** TASK PROMPT **
Look through the listing below for the line with "Nike Cortez Nylon Black / White Size 11" and the line with "L'uomo bello portò". Copy both, along with every line between them, exactly and with no pictures.

═════ DATA EXTRACT

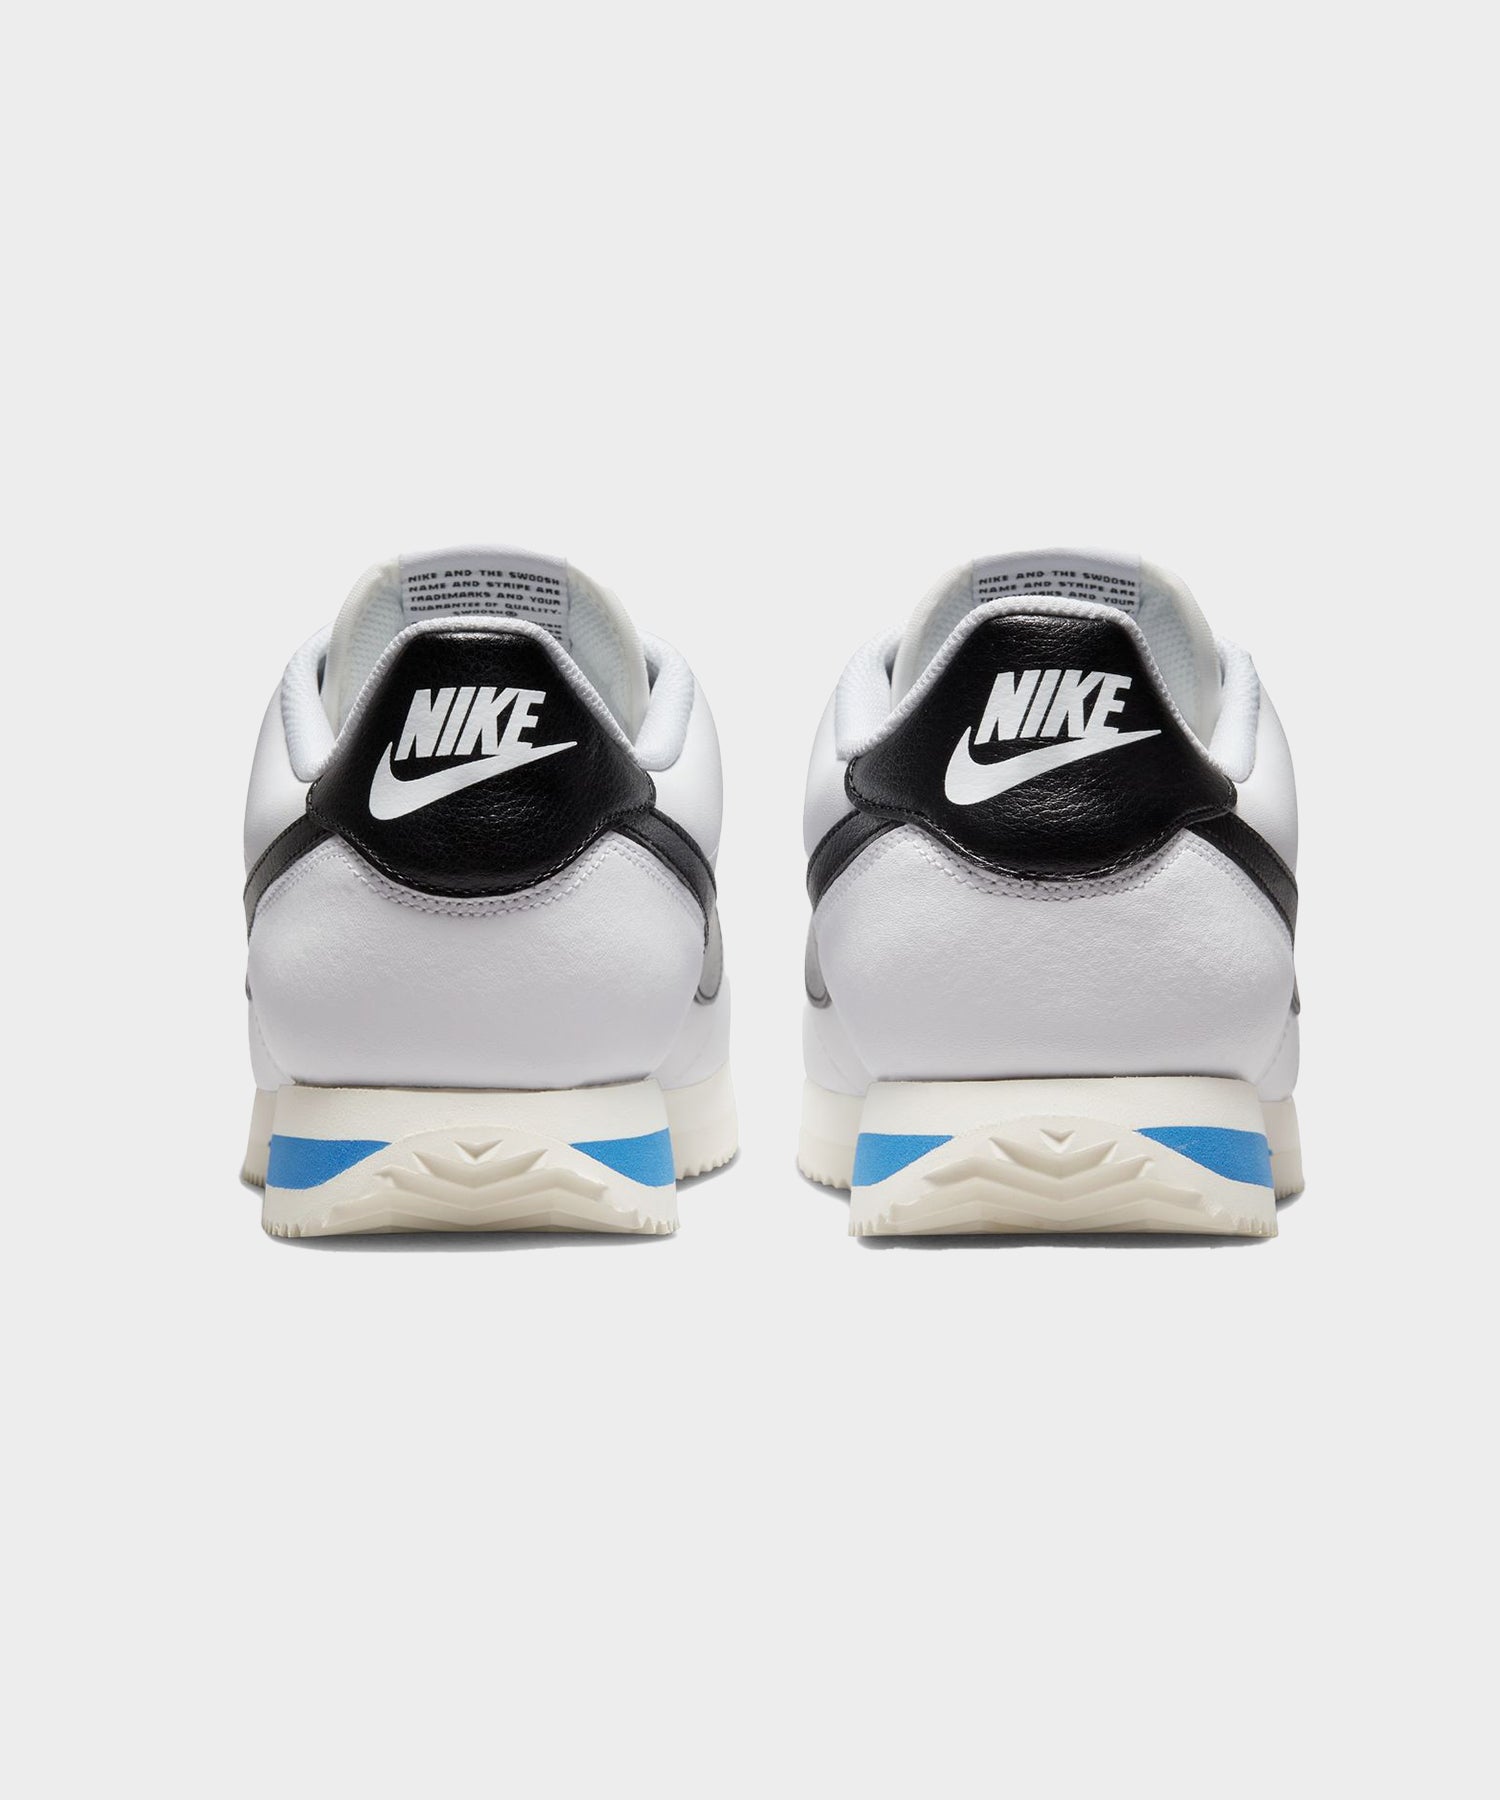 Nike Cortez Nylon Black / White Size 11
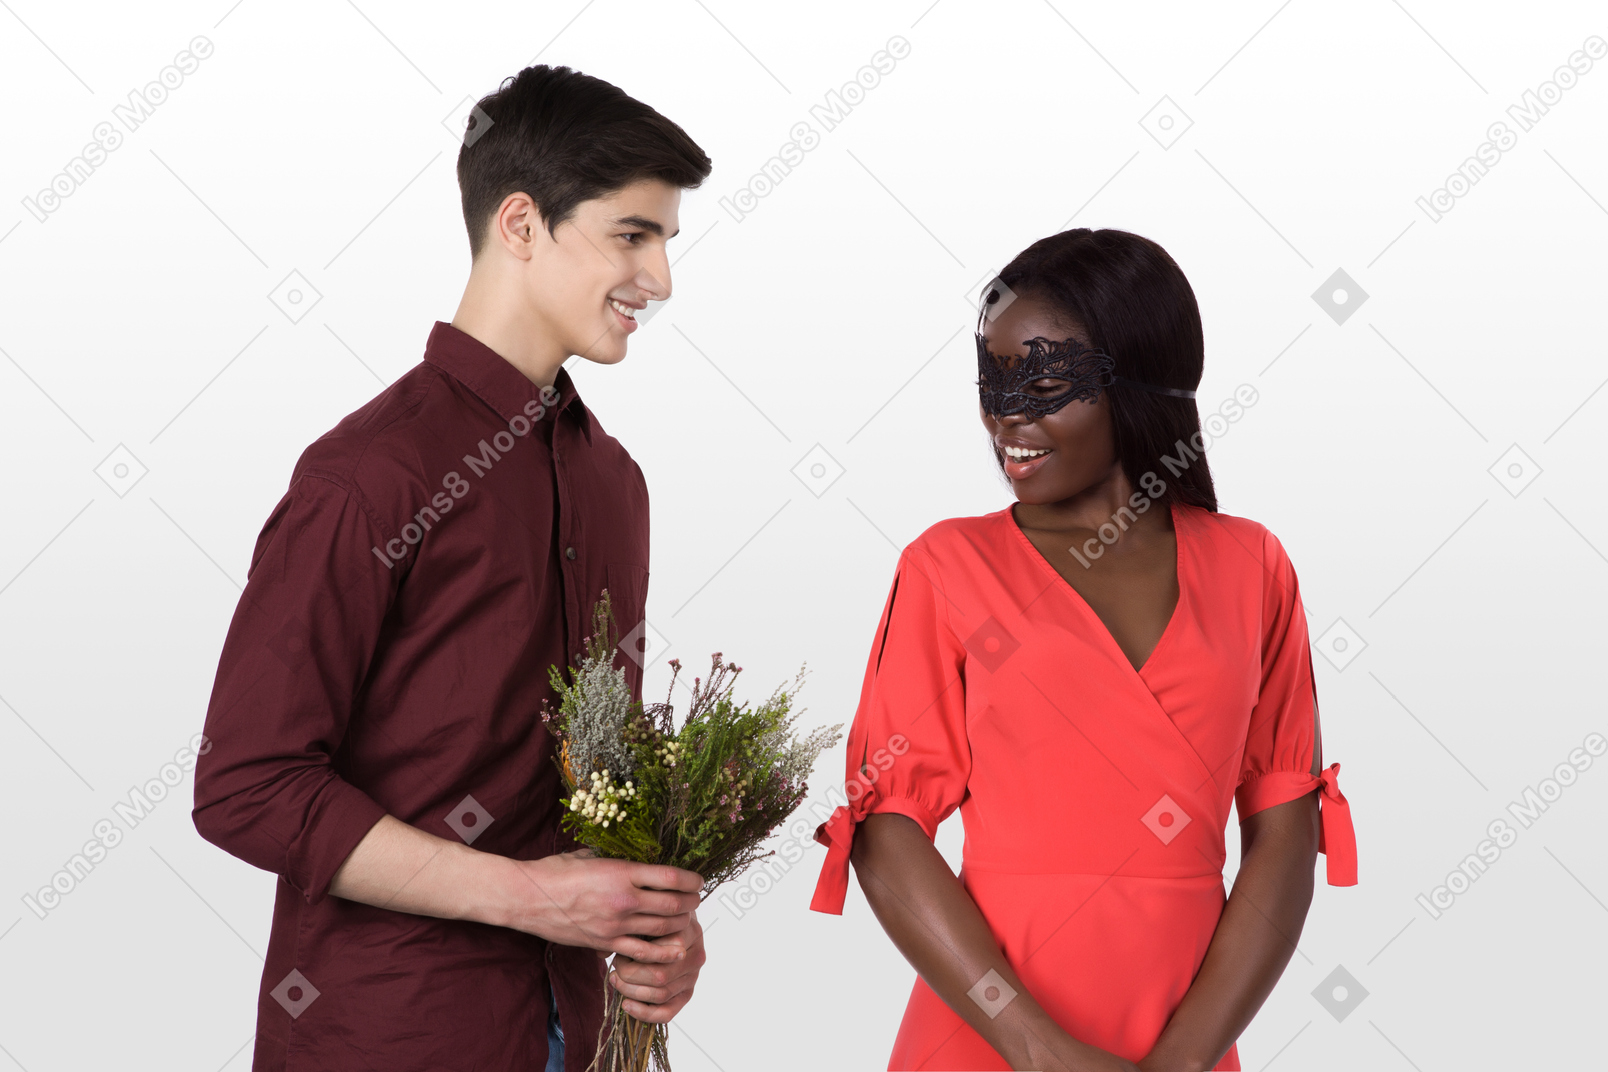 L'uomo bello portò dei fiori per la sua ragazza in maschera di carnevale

══════════
═════ DATA EXTRACT

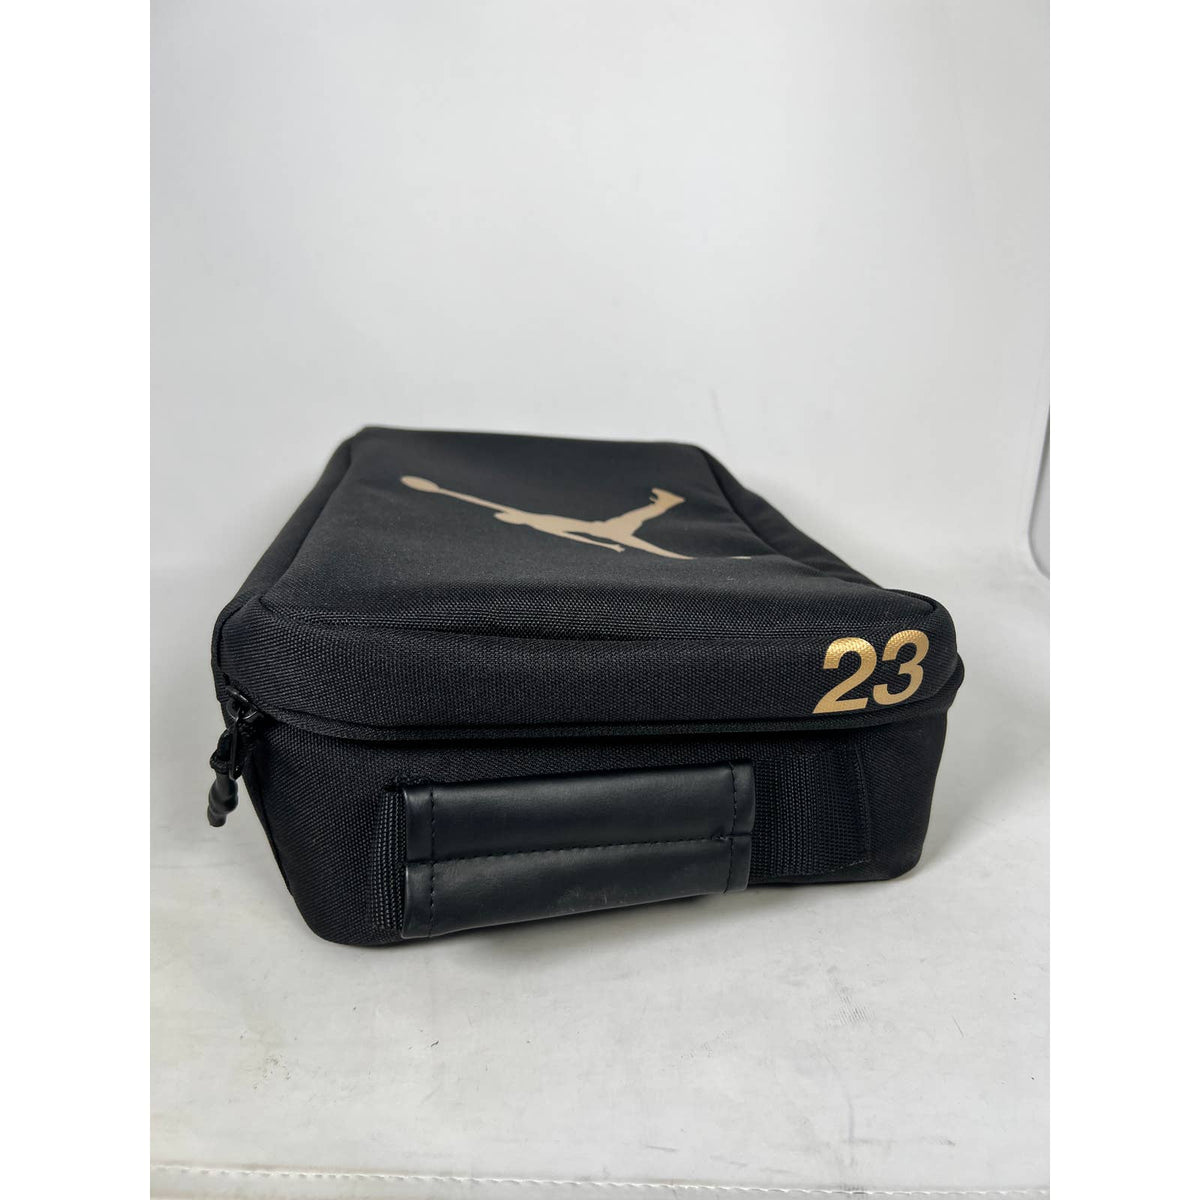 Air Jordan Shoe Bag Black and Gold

══════════

** ANSWER BOX **
 Nike Cortez Nylon Black / White Size 11
 L'uomo bello portò dei fiori per la sua ragazza in maschera di carnevale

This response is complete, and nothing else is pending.